By analyzing existing cross correlation between Barings Active Short and Virtus Low Duration, you can compare the effects of market volatilities on Barings Active and Virtus Low and check how they will diversify away market risk if combined in the same portfolio for a given time horizon. You can also utilize pair trading strategies of matching a long position in Barings Active with a short position of Virtus Low. Check out your portfolio center. Please also check ongoing floating volatility patterns of Barings Active and Virtus Low.

Diversification Opportunities for Barings Active and Virtus Low

0.85
  Correlation Coefficient

Very poor diversification

The 3 months correlation between Barings and Virtus is 0.85. Overlapping area represents the amount of risk that can be diversified away by holding Barings Active Short and Virtus Low Duration in the same portfolio, assuming nothing else is changed. The correlation between historical prices or returns on Virtus Low Duration and Barings Active is a relative statistical measure of the degree to which these equity instruments tend to move together. The correlation coefficient measures the extent to which returns on Barings Active Short are associated (or correlated) with Virtus Low. Values of the correlation coefficient range from -1 to +1, where. The correlation of zero (0) is possible when the price movement of Virtus Low Duration has no effect on the direction of Barings Active i.e., Barings Active and Virtus Low go up and down completely randomly.

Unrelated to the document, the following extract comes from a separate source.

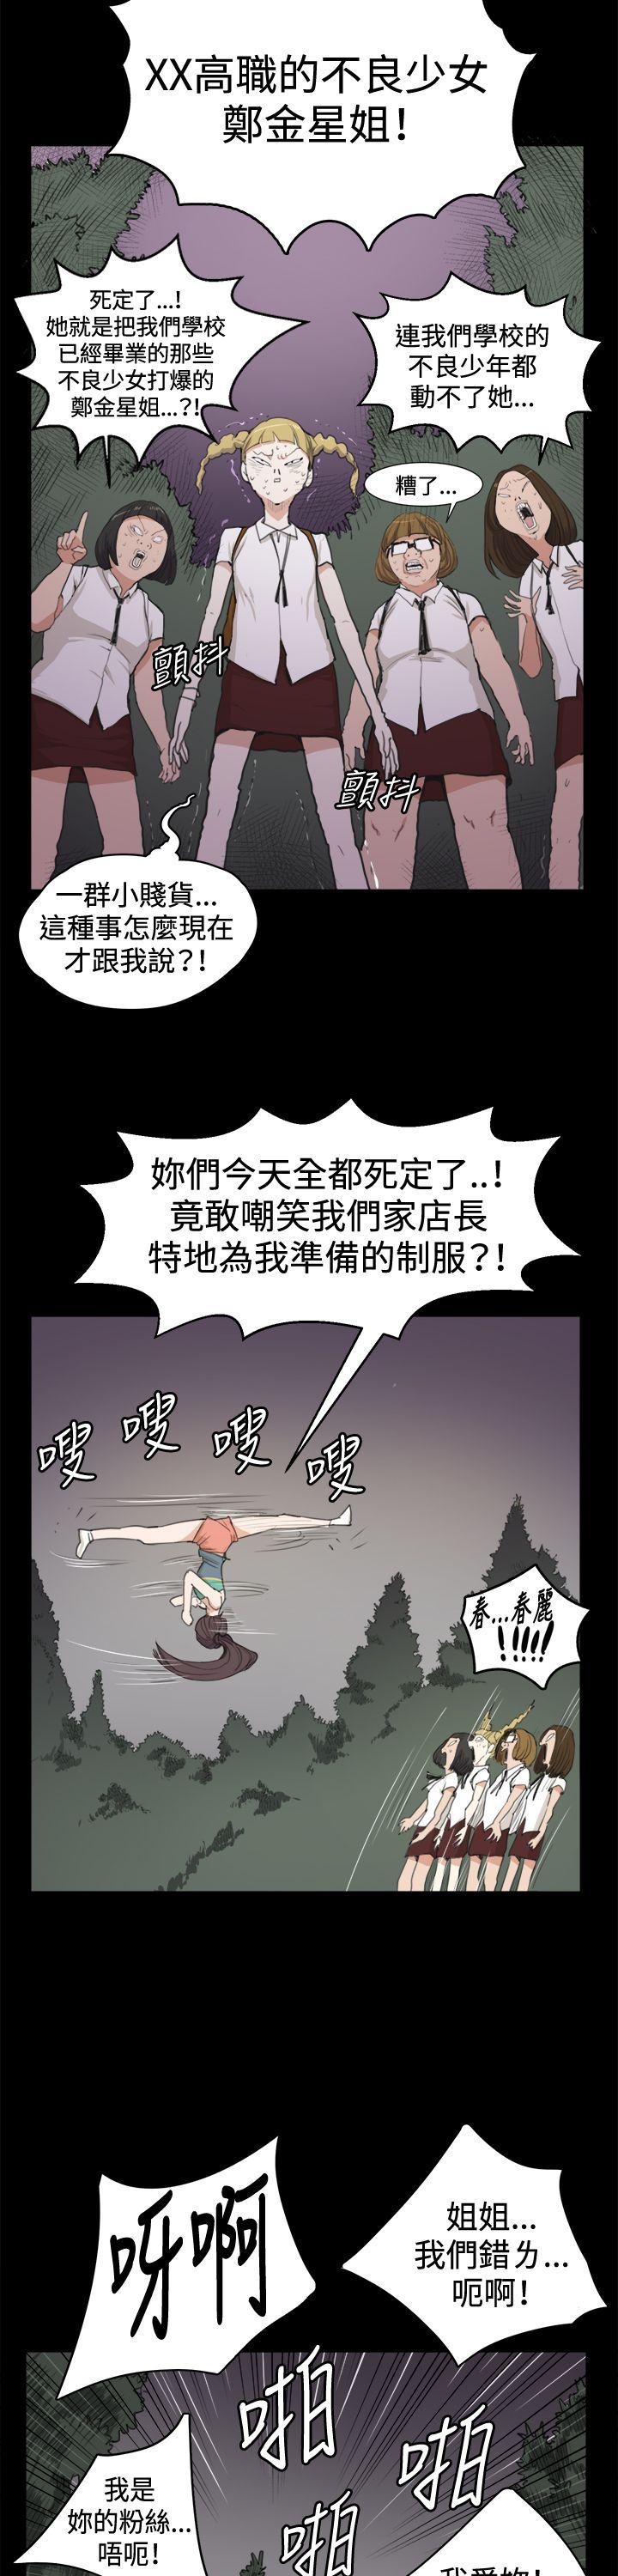 韩国污漫画 深夜便利店 第9话 13

Pair Corralation between Barings Active and Virtus Low

Assuming the 90 days horizon Barings Active Short is expected to generate 1.03 times more return on investment than Virtus Low. However, Barings Active is 1.03 times more volatile than Virtus Low Duration. It trades about 0.17 of its potential returns per unit of risk. Virtus Low Duration is currently generating about 0.16 per unit of risk. If you would invest  811.00  in Barings Active Short on September 2, 2024 and sell it today you would earn a total of  114.00  from holding Barings Active Short or generate 14.06% return on investment over 90 days.
Time Period3 Months [change]
DirectionMoves Together 
StrengthStrong
Accuracy100.0%
ValuesDaily Returns

Barings Active Short  vs.  Virtus Low Duration

 Performance 
       Timeline  
Barings Active Short 

Risk-Adjusted Performance

10 of 100

 
Weak
 
Strong
OK
Compared to the overall equity markets, risk-adjusted returns on investments in Barings Active Short are ranked lower than 10 (%) of all funds and portfolios of funds over the last 90 days. In spite of fairly strong fundamental indicators, Barings Active is not utilizing all of its potentials. The latest stock price disturbance, may contribute to short-term losses for the investors.
Virtus Low Duration 

Risk-Adjusted Performance

7 of 100

 
Weak
 
Strong
OK
Compared to the overall equity markets, risk-adjusted returns on investments in Virtus Low Duration are ranked lower than 7 (%) of all funds and portfolios of funds over the last 90 days. In spite of fairly strong forward indicators, Virtus Low is not utilizing all of its potentials. The current stock price disturbance, may contribute to short-term losses for the investors.

Barings Active and Virtus Low Volatility Contrast

   Predicted Return Density   
       Returns  

Pair Trading with Barings Active and Virtus Low

The main advantage of trading using opposite Barings Active and Virtus Low positions is that it hedges away some unsystematic risk. Because of two separate transactions, even if Barings Active position performs unexpectedly, Virtus Low can make up some of the losses. Pair trading also minimizes risk from directional movements in the market. For example, if an entire industry or sector drops because of unexpected headlines, the short position in Virtus Low will offset losses from the drop in Virtus Low's long position.
The idea behind Barings Active Short and Virtus Low Duration pairs trading is to make the combined position market-neutral, meaning the overall market's direction will not affect its win or loss (or potential downside or upside). This can be achieved by designing a pairs trade with two highly correlated stocks or equities that operate in a similar space or sector, making it possible to obtain profits through simple and relatively low-risk investment.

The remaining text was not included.